¶ … sunlight, but then again it didn't. The color was wrong. Not quite gold enough for noon day sunlight, and not quite pink enough for the type of sunlight that you see in the mornings and late afternoons. That rose glow that makes everything seem beautiful and inviting, even an old weathered barn in a field takes on an enchantment in that kind of light. No, this is not any kind of sunlight that I have seen before or can remember seeing, anyway. And I can tell that it must be a very windy day because the clouds keep passing quickly, causing the light to dim ever so briefly several times a minute. Could be a storm is brewing outside. Yes, that was it!
Is the storm somehow responsible for the fact that I'm in here, wherever this is? Yes, that must be it. I remember there was a tremendous storm, and the trees were thrashing about, the tops crashing into each other like some sort of duel, slapping each other with their tallest branches. I remember this. I remember the silhouettes of the leaves and branches that would appear just seconds before a clap of thunder. But, no. This light isn't that kind of light. No. This is different. This is something else entirely.
The bunnies are back. They are gathered around me like a witches' coven gathers around some sort of ritual sacrifice. I see the flash of metal again. A light is traveling through a tunnel towards me, getting closer and brighter. Now I'm blinded. The light and the bunnies have disappeared. All I can see are halos of rainbows, glowing ever so softly against a blizzard snow storm. Now there's total darkness.
One bunny has the giant eye dropper again but he is moving away. All I can see is the top of his head. Now the window is back in view. The storm must be passing. The light has changed. The clouds must be finally drifting away, moving on. They are no longer interfering with the sunlight. The light outside the window is growing brighter and I can see dozens of figures. Some are bunnies, but some seem to be some sort of maintenance workers. They are dressed in dark clothing. Now they have all disappeared. There is nothing but the light.
The images aside the window are doctors and nurses. There are also police officers and other official looking people. Something important must have happened. Oh, there's my parents. My mother is holding something up to her eyes, then her nose. My father has his arm around her, giving the impression that he is comforting her, but for some reason it seems as if he is actually supporting himself against her, using her as a brace. They are talking to a man in a hat, must be a policeman. Standing next to them are several other people. Two are in suits, the type that businessmen and lawyers wear. There is a woman. She too looks very business like, perhaps a manager of some kind. The others resemble the bunnies. But they aren't bunnies. They are doctors. One looks like a nurse. Yes, something important must have happened. This looks like a scene in a movie or television program, like some sort of medical series. Now a man and woman have joined the group. They are a bit younger looking than my parents are. They look distressed. They both look sad. But it's more than sadness.

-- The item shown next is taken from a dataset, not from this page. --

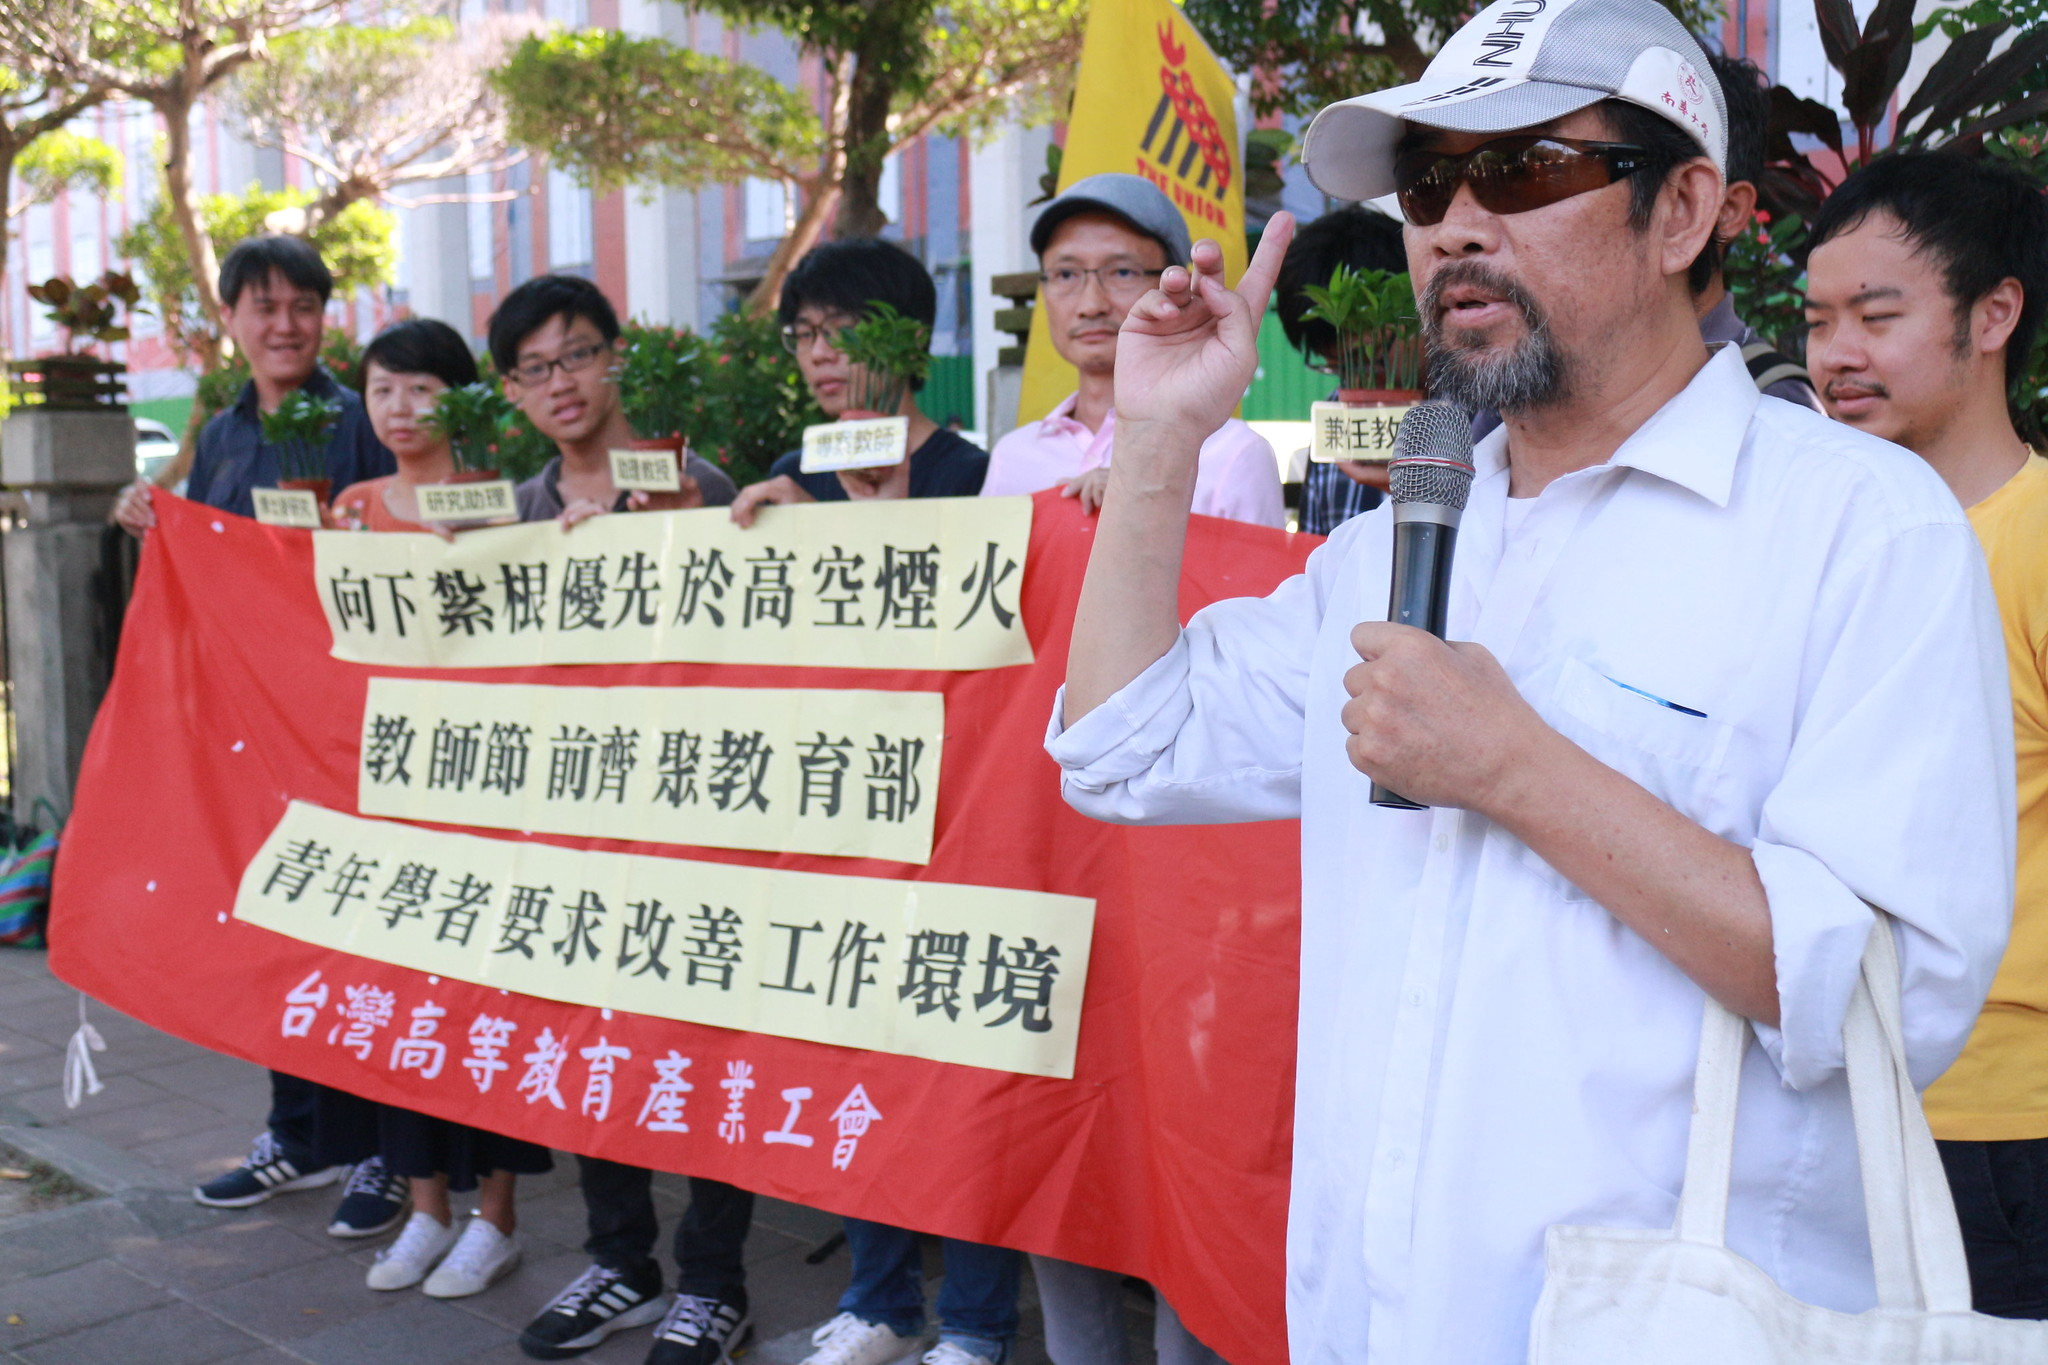 高教工會今日召開記者會,工會理事直批教育部的青年學者養成計畫是「大而無當的煙火秀」。(高教工會提供)

My arm is aching again. I wish the bunny with the giant eye dropper would come back. Whatever it was that he sprayed on me, was so cool and refreshing, and most importantly it made the pain stop. It made me not care if there was a storm outside or not. Actually, it made me forget about the storm. The storm. I'd almost forgotten. Is that how this whole thing started? The storm, and the trees thrashing, and the lights. Oh yeah! I had forgotten about the lights. Not the lightning. Some other kind of lights.
Blinding lights. Like the snow blizzard.
Why won't someone come in here and help me. I don't understand. I can see them outside the window. They are just standing there. Engrossed in some sort of conversation. Oh! The woman is looking this way. She looks so sad. No. She looks more than sad. She looks hopeless.
How can so many people be so close by and no one is bothering to help me. Don't they realize how much pain I'm in? Don't they realize that I need the bunny with the giant eye dropper?
Where is he? Where did he go? He was just here a moment ago, but now he has disappeared. Even the top of his head is out of view.
Here they come. The bunnies are back. But I don't see the giant eye dropper. My arm is throbbing. Oh, I can see my mother bending over me again. My father is standing behind her, peeking over her shoulder. She is mumbling something. I see her lips moving, but the sound is muffled like the sound of someone speaking into a tube stuffed with cotton. She's smiling. She looks so peaceful. I know that if my mother knew how badly my arm ached she would make someone stop the pain. She would never let me suffer like this. She never allowed me to suffer.